Thursday, May 04, 2006

Why do we do that?.............................

A few days ago, I had a conversation with someone that was upset. Seems one of her co-workers called in sick, because she couldn't sleep the night before. The upset person's take on the situation was "I haven't sleep IN THREE YEARS, and I have NEVER called in sick because of it!"

Day before yesterday, a different person was commenting on the same type of thing. She was questioning someone's "poor me" attitude. Wondering out loud why she was able to "Muster on" in the face of adversity, and the other person seemed to receive support to fall apart, letting others take over her responsibilities.
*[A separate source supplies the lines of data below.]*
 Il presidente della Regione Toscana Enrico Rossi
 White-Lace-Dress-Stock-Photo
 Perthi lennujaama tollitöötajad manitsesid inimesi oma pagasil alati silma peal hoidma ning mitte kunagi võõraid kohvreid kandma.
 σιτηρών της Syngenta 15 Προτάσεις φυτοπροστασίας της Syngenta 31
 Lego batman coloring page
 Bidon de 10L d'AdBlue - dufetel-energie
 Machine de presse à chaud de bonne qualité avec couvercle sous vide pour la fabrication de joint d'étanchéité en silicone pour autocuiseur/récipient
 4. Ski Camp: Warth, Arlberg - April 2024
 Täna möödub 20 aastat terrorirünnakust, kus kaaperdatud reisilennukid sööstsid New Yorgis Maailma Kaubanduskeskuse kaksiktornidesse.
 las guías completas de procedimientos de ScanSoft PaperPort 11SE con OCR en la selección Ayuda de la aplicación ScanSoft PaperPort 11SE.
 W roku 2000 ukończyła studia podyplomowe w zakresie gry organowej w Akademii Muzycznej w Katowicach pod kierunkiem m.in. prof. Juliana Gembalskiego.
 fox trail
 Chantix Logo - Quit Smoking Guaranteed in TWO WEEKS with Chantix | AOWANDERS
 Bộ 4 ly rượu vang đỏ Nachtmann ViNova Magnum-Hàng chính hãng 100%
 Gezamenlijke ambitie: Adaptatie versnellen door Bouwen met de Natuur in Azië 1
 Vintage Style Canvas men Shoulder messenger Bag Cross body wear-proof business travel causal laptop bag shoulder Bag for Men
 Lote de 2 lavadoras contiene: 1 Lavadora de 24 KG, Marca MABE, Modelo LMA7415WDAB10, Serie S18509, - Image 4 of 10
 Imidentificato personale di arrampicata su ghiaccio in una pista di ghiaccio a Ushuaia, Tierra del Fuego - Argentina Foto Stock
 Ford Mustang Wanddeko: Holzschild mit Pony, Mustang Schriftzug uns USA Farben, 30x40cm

Yesterday, I woke up with an extreamely stiff neck. I had no range of motion to the left without shooting pain, and very limited up and down movement. Regardless of my pain, residents still needed to be washed, dressed, fed, walked, etc... I remember thinking, "Sick day? What's a sick day?" as I was feeling sorry for myself. That is one problem with being your own boss I guess. I also began thinking just what it might take for me to ask for help and stay in bed.

Why is it that some of us have an easier time asking for assistance than others? Why do some of us opt to take care of everything we can, sometimes up to the point of doing so much that our body finally rebels against our efforts and becomes ill? In the midst of our "slaving away" why do we look around us and condemn the choices of others? There has been many times that I voiced jealousy about what I perceived as someones "easy life." What is really going on with these feelings?

The last time I checked, bondage has been out-lawed. No one holds a gun to my head to get me to do the things I do, and make the choices I make. If I really felt the need to have someone stand in for me yesterday, I could have found someone. I really never let that idea be an option. (And....... After yesterday's no excuses blog, I didn't let my stiff neck stop me from running either. I think the jaring motion actually helped to loosen up the muscles a little bit.) Did anybody criticize me for my choices? (If they did, they didn't say it out loud.) Why then, am I so quick to pass judgement on another's choices?

I could give you all kinds of examples in which I felt my needs were not met when I ask for help, and this is why I don't bother now. Pretty much this would just lead back to me being the ultimate control freak....... "Help me! But make darn sure you help me EXACTLY like I want to be helped or it will count against you." And yet isn't it my right to get my needs addressed in a way that fullfills me? Oh right! This is life, not a fairy tale.....................

When I was a child, nothing I did was good enough, and was always criticized. When my kids were growing up, I had to learn that if I ask for their help I needed to either tell them "I wanted the house cleaned Mom's way," (example: take the items off the table to dust, and vacuum under things not just around them.) or shut up about the job they did. I learned to shut up most of the time, and take advantage of special occasions (my birthday, mother's day, and Santa is coming in less than a week, and he doesn't leave presents at dirty houses!)

Not that long ago, (my) Mister was down with back pain. I took care of him, just like I would have liked to be taken care of. (And received no complaints about the service from him by the way.) I remember, when he was getting better, telling him that he should be taking notes in his planner as to what I did for him, as it would make a perfect primer to follow the next time I was sick. Telling that to a friend, her reply was, "My favorite is when I am so sick I can't even lift my head off the pillow and one of my family members comes in and ask when I am going to make dinner!" I don't have it that bad, but it would be nice if my family could figure out that when I am sick in bed I really don't care what kind of fruit and/or veggies they serve. If we are out of toilet paper, Kleenex will do in a pinch, and who's socks are whos can wait until I am feeling better. Can any of you relate to what I am saying? Maybe we should all put our heads together and come up with the top twenty-five things to do or NOT DO (Or two lists with twenty-five things to do AND not do.) when mom isn't feeling well. Maybe later...... Right now someone needs me to do something for them!